--- Recorded information ---

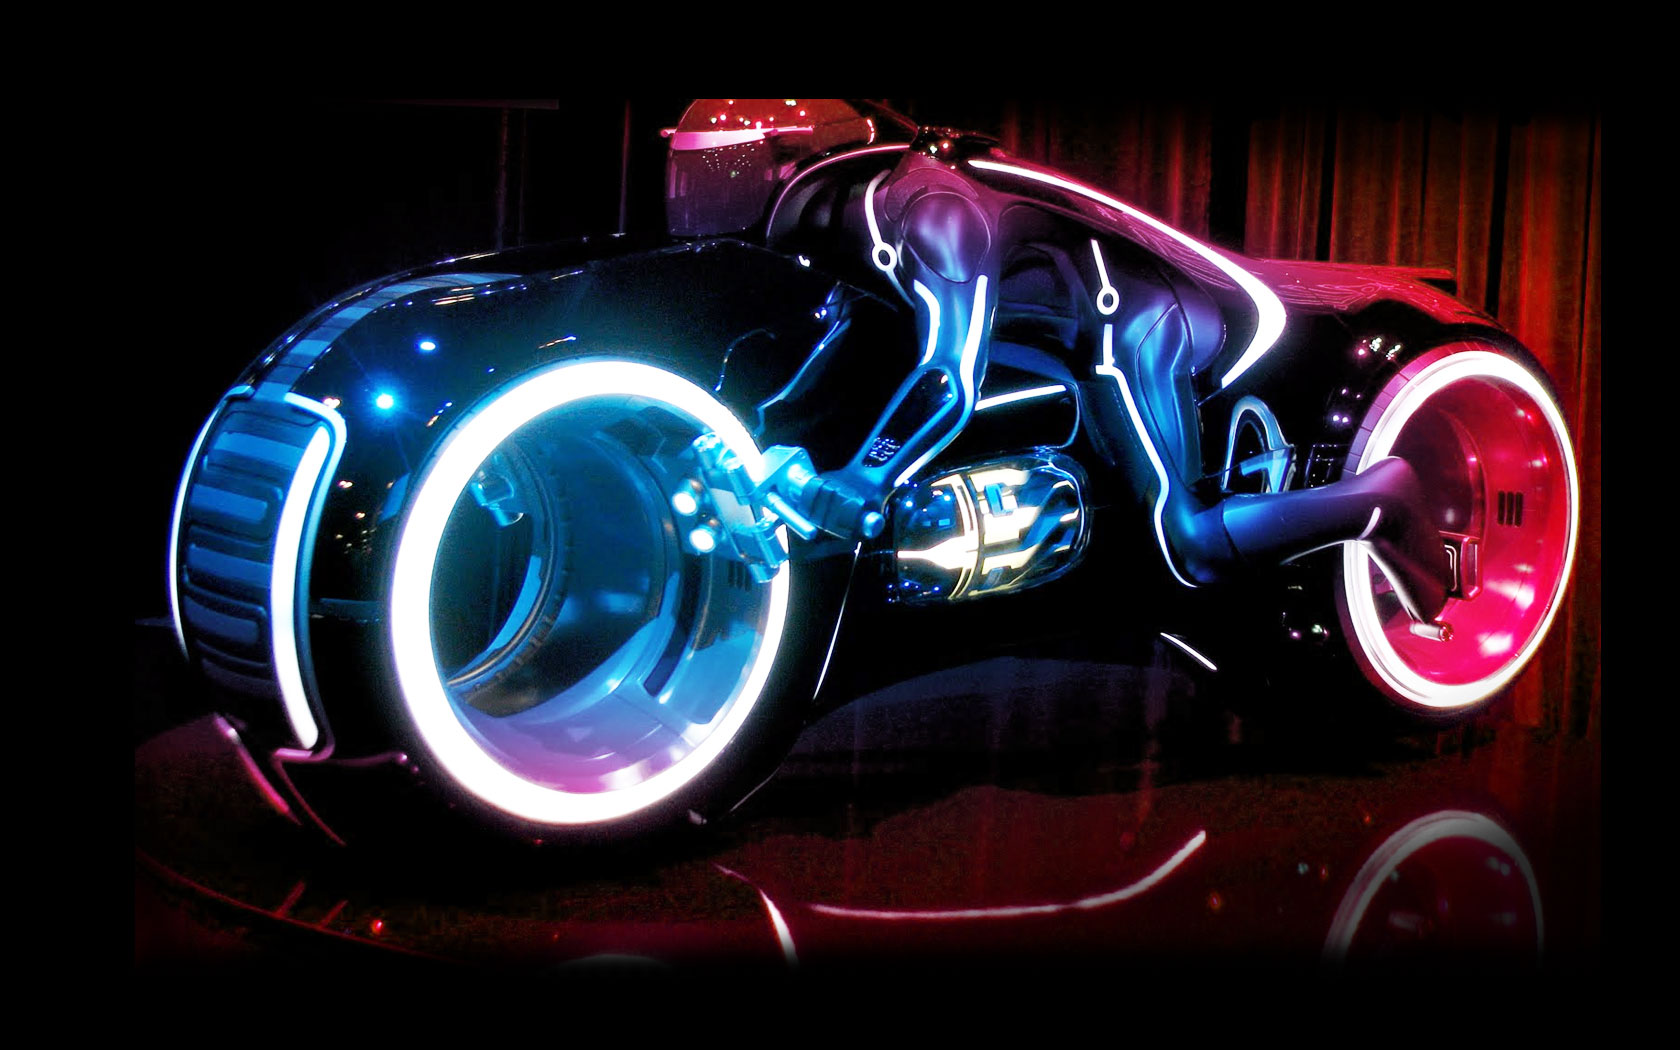 Motorcycles Of The Future Wallpapers
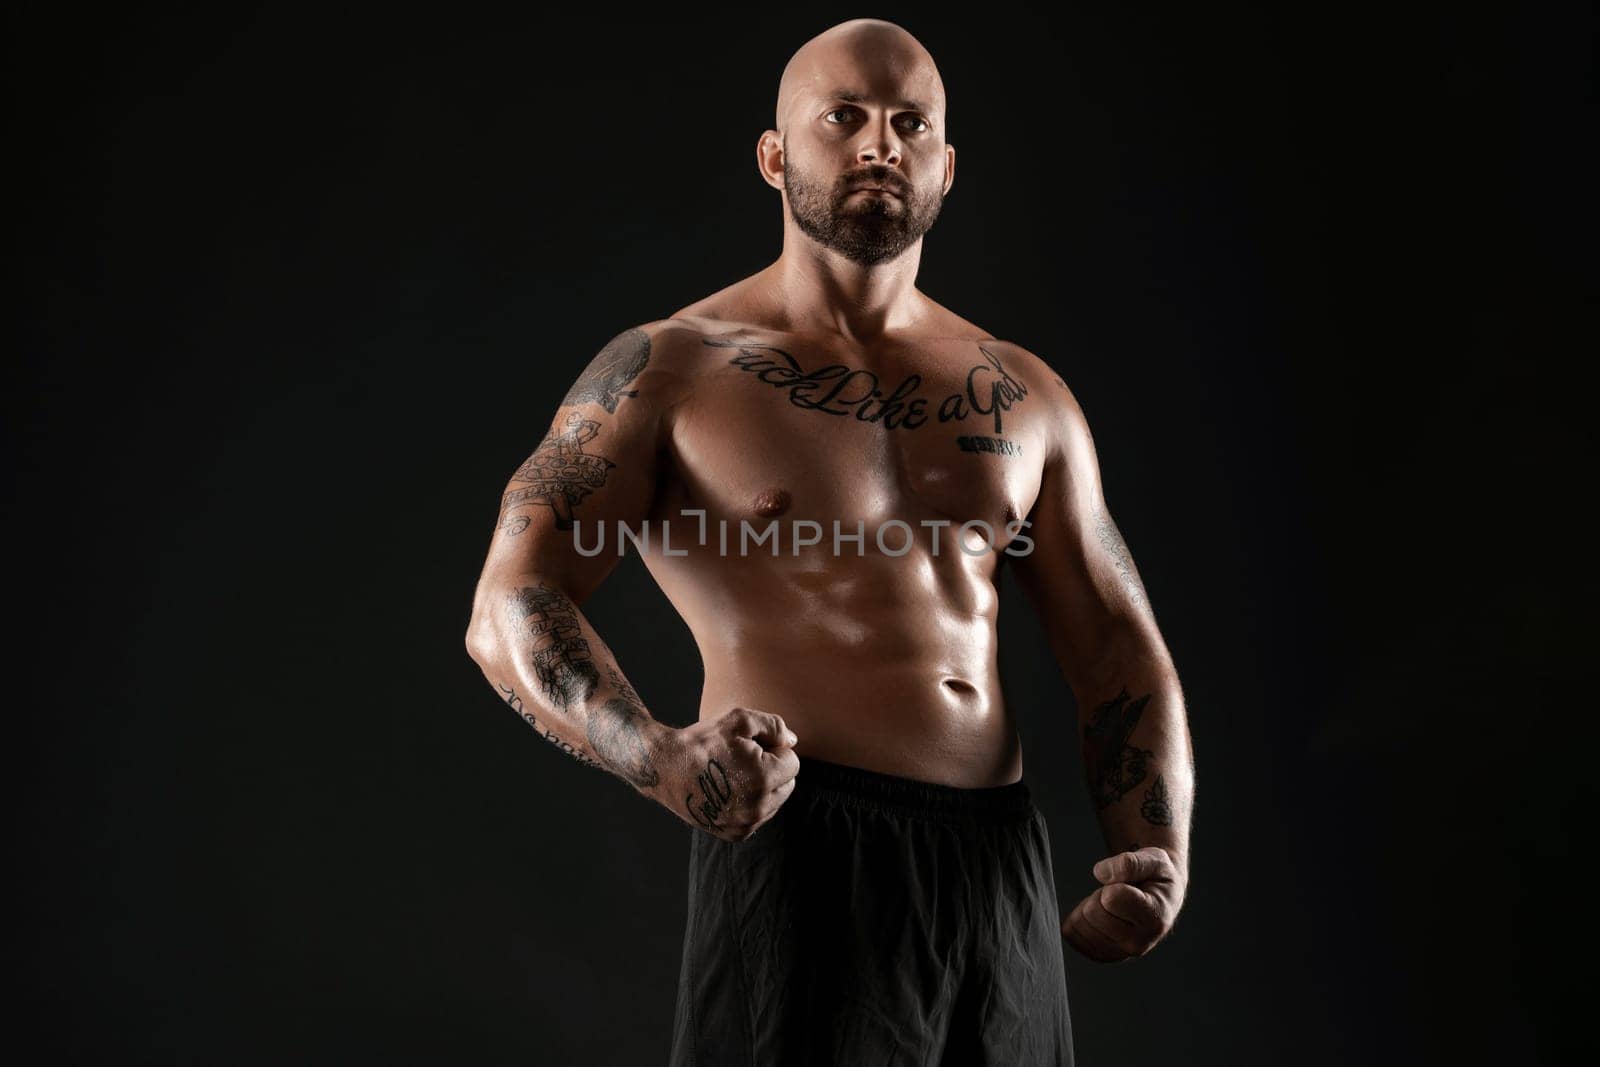 Handsome bald, bearded, tattooed fellow in black shorts is demonstating his muscles posing against a black background and looking at the camera. Chic muscular body, fitness, gym, healthy lifestyle concept. Close-up portrait.
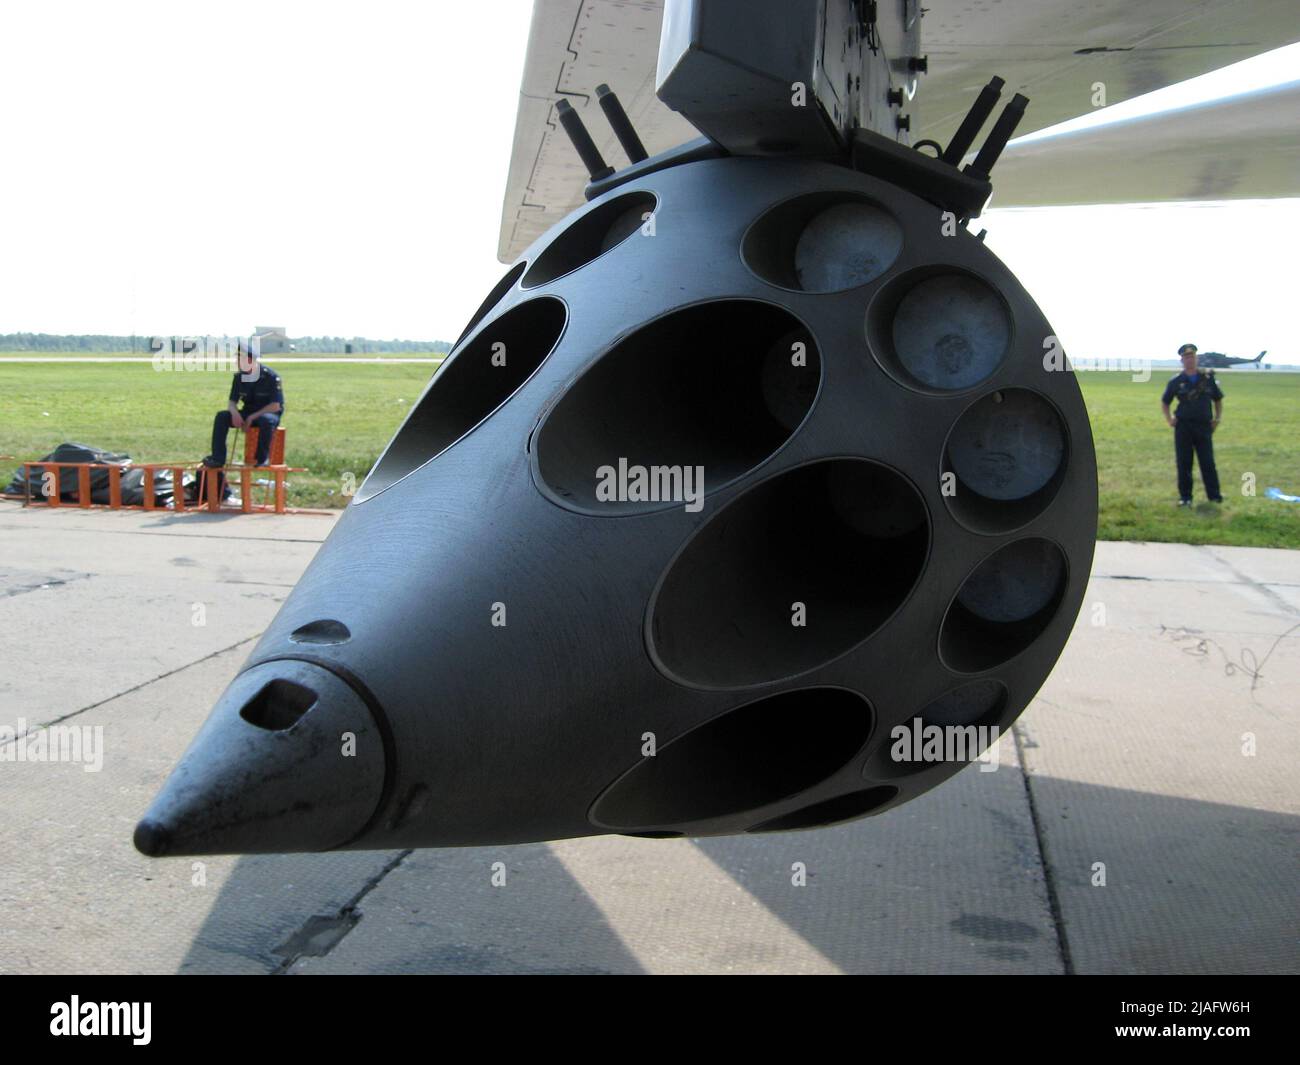 Ryazan, Ryazan Oblast, Russia - 8-08-2015: Cannon on the wing of a military aircraft Stock Photo
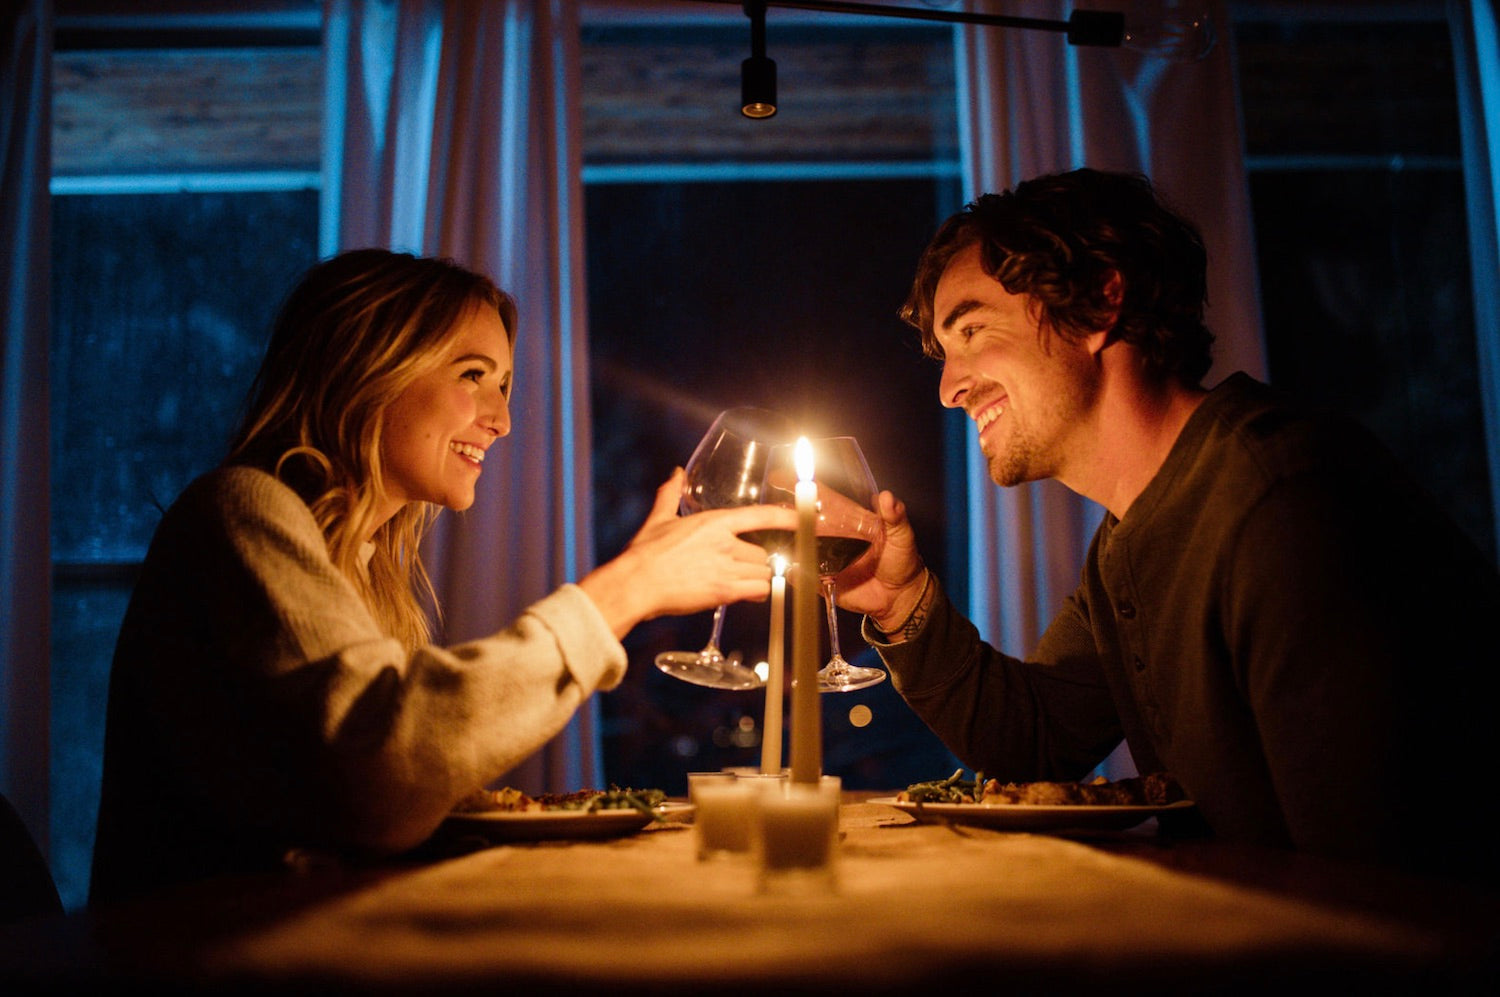 Couple smiling at each other as they share a toast during their romantic candlelit dinner together

---

* What you have to do
Could you reproduce exactly the lines from the first line of the listing through the line containing "Handsome bald, bearded, tattooed", both included, with pictures left out?

* Answer section
 Motorcycles Of The Future Wallpapers
 Handsome bald, bearded, tattooed fellow in black shorts is demonstating his muscles posing against a black background and looking at the camera. Chic muscular body, fitness, gym, healthy lifestyle concept. Close-up portrait.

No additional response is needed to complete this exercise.